Fonte: “A study on malware detection and classification using the analysis of API calls sequences through shallow learning and recurrent neural networks”, Paper, https://ceur-ws.org/Vol-3260/paper9.pdf
Malware detection and classification is a critical issue in cybersecurity. Systems acting through signatures suffer the problem of not being able to detect attacks via zero-day malware. Among the approaches that can detect unknown attacks are the possibilities offered by analyzing the sequence of API calls performed by the executable. Such information can be extracted through static and dynamic analysis methods in a sandbox environment. This work proposes an analysis of different techniques to detect malware and subsequently classify them by identifying the family of belonging.
Machine Learning algorithms based on trees are compared with Deep Learning algorithms based on Recurrent Neural Networks. The results obtained lead to choosing an algorithm based on RNNs for malware detection and an algorithm based on trees for malware classification.
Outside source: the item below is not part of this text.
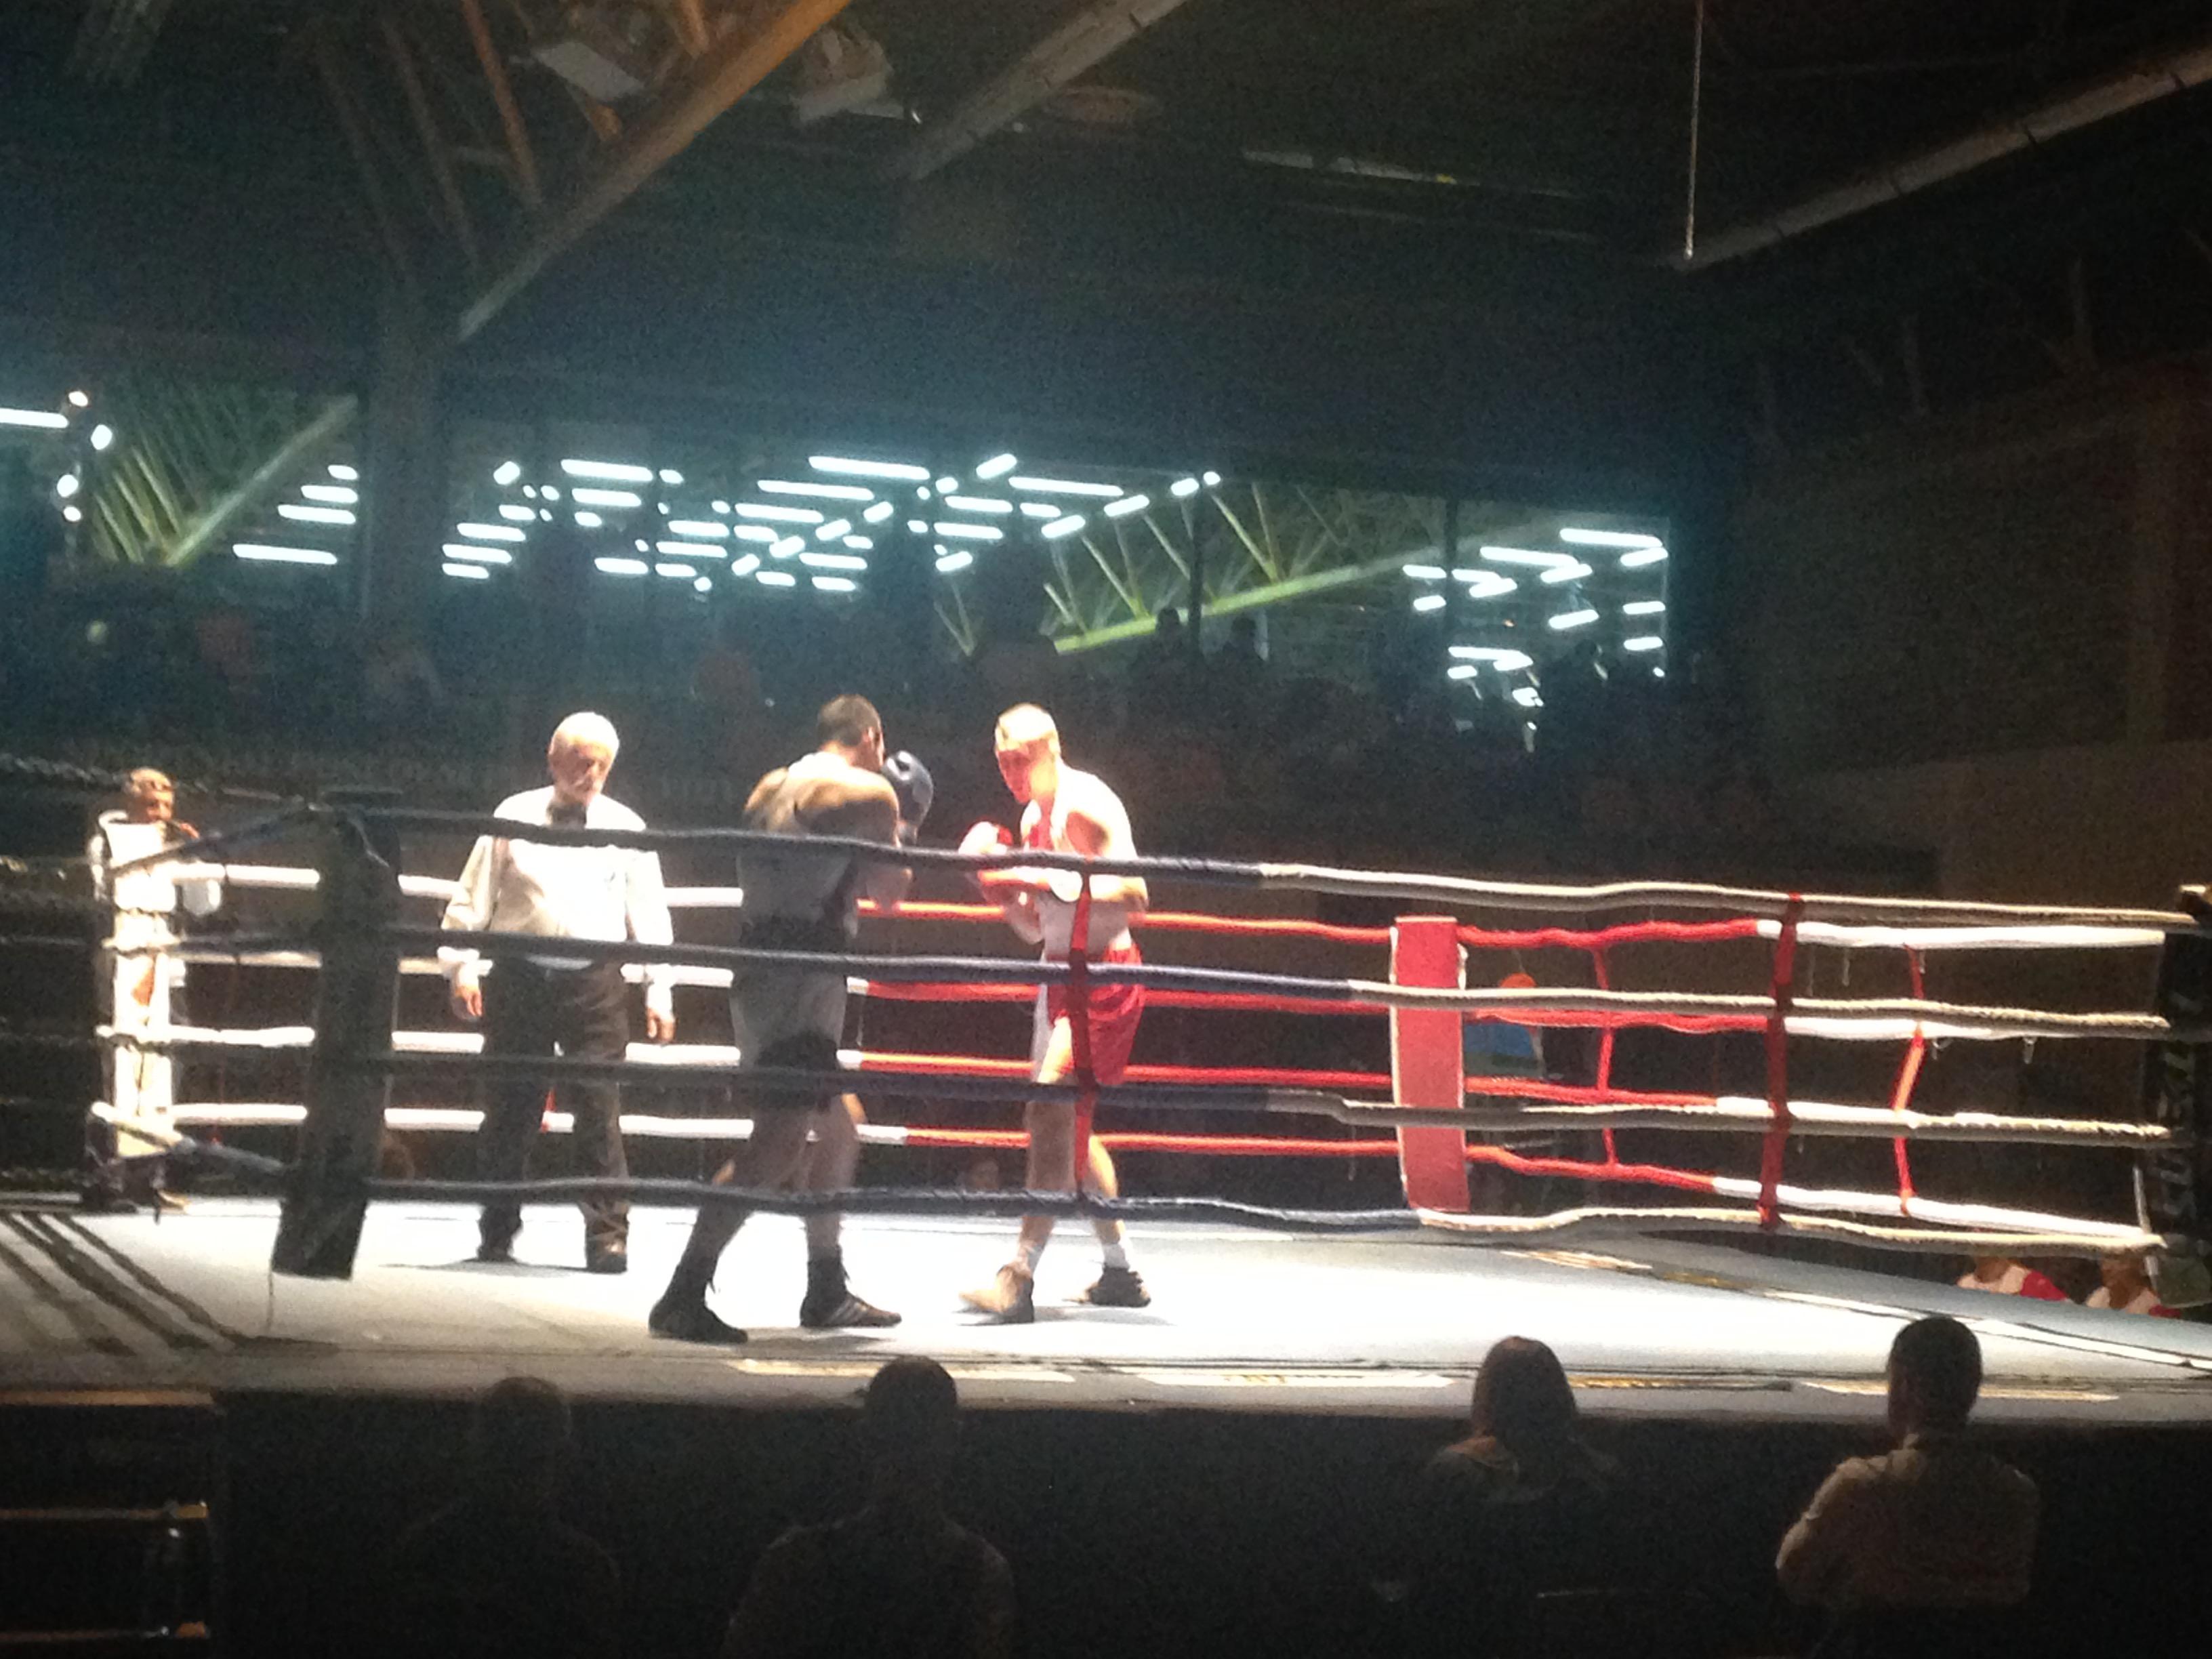 Praznik boksa u Novom Sadu

The constant growth of the development and diffusion of new technologies expose systems to potential risks. Among the main risks is malware, malicious software created to steal, spy, or, more in general, damage infected systems.
In order to mitigate this risk, it is necessary to adopt tools that can detect, classify and block these threats on time. The literature analysis shows that most malware detection systems are based on static analysis techniques such as signature verification, which are very good for all known malicious software, but at the same time, ineffective for new malware since the signatures of these applications are not yet available.
An alternative approach is using sandbox information (such as CAPEv2), which provides dynamic application analysis. The sandbox software encapsulates the information extracted in reports for each file analyzed. The reports contain the ordered sequence of API calls called.